The Sientra Core Study was a 10-year, open-label, prospective, multicenter clinical study designed to assess the safety and effectiveness of Sientra’s breast implants in augmentation and reconstruction. A total of 1,788 patients (3,506 implants) were enrolled, including 1,116 primary augmentation, 363 revision-augmentation, 225 primary reconstruction, and 84 revision-reconstruction.

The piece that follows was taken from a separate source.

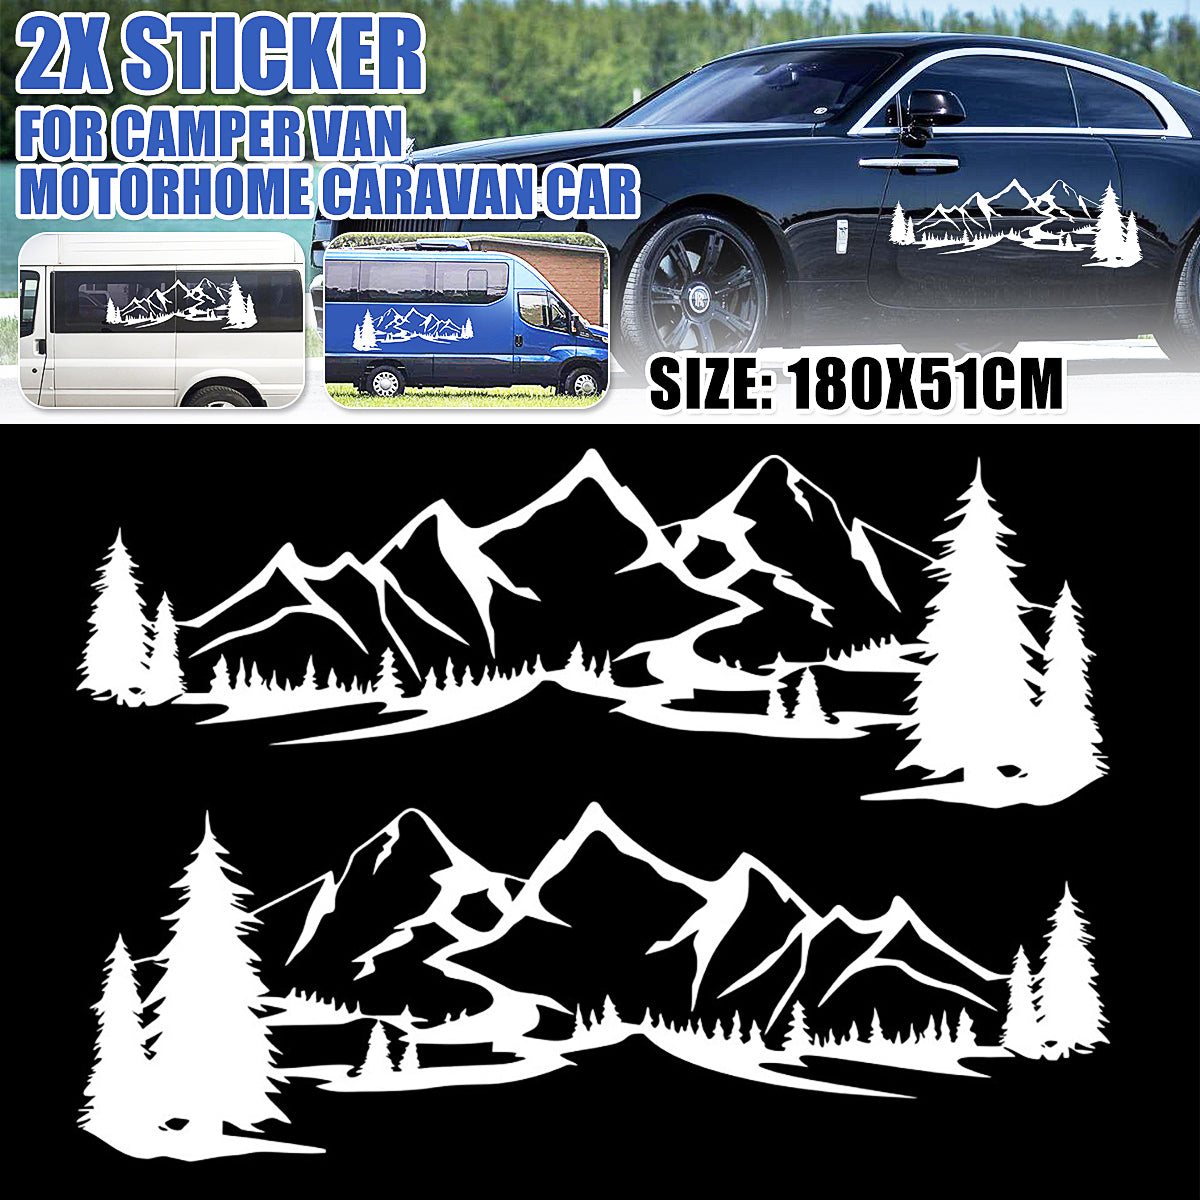 2PCS Decal Stickers Side Body Large Mountains For Camper Motorhome Van Caravan RVS

Across all cohorts, the rate of rupture by patient was 8.6%, the rate of Baker grade III/IV capsular contracture was 13.5%, and the rate of reoperation was 31.5%. The rate of capsular contracture was statistically significantly lower for textured devices [9.0%; 95% confidence interval (CI), 7.0–11.5%] compared with smooth devices (17.5%; 95% CI, 14.9–20.4%). There were no cases of breast implant–associated anaplastic large cell lymphoma. Primary reasons for reoperations included capsular contracture (18.8%), and style/size change (19.3%), with over 50% of the reoperations due to cosmetic reasons.
The 10-year results of Sientra’s Core Study support a comprehensive safety and effectiveness profile of Sientra’s portfolio of round and shaped breast implants.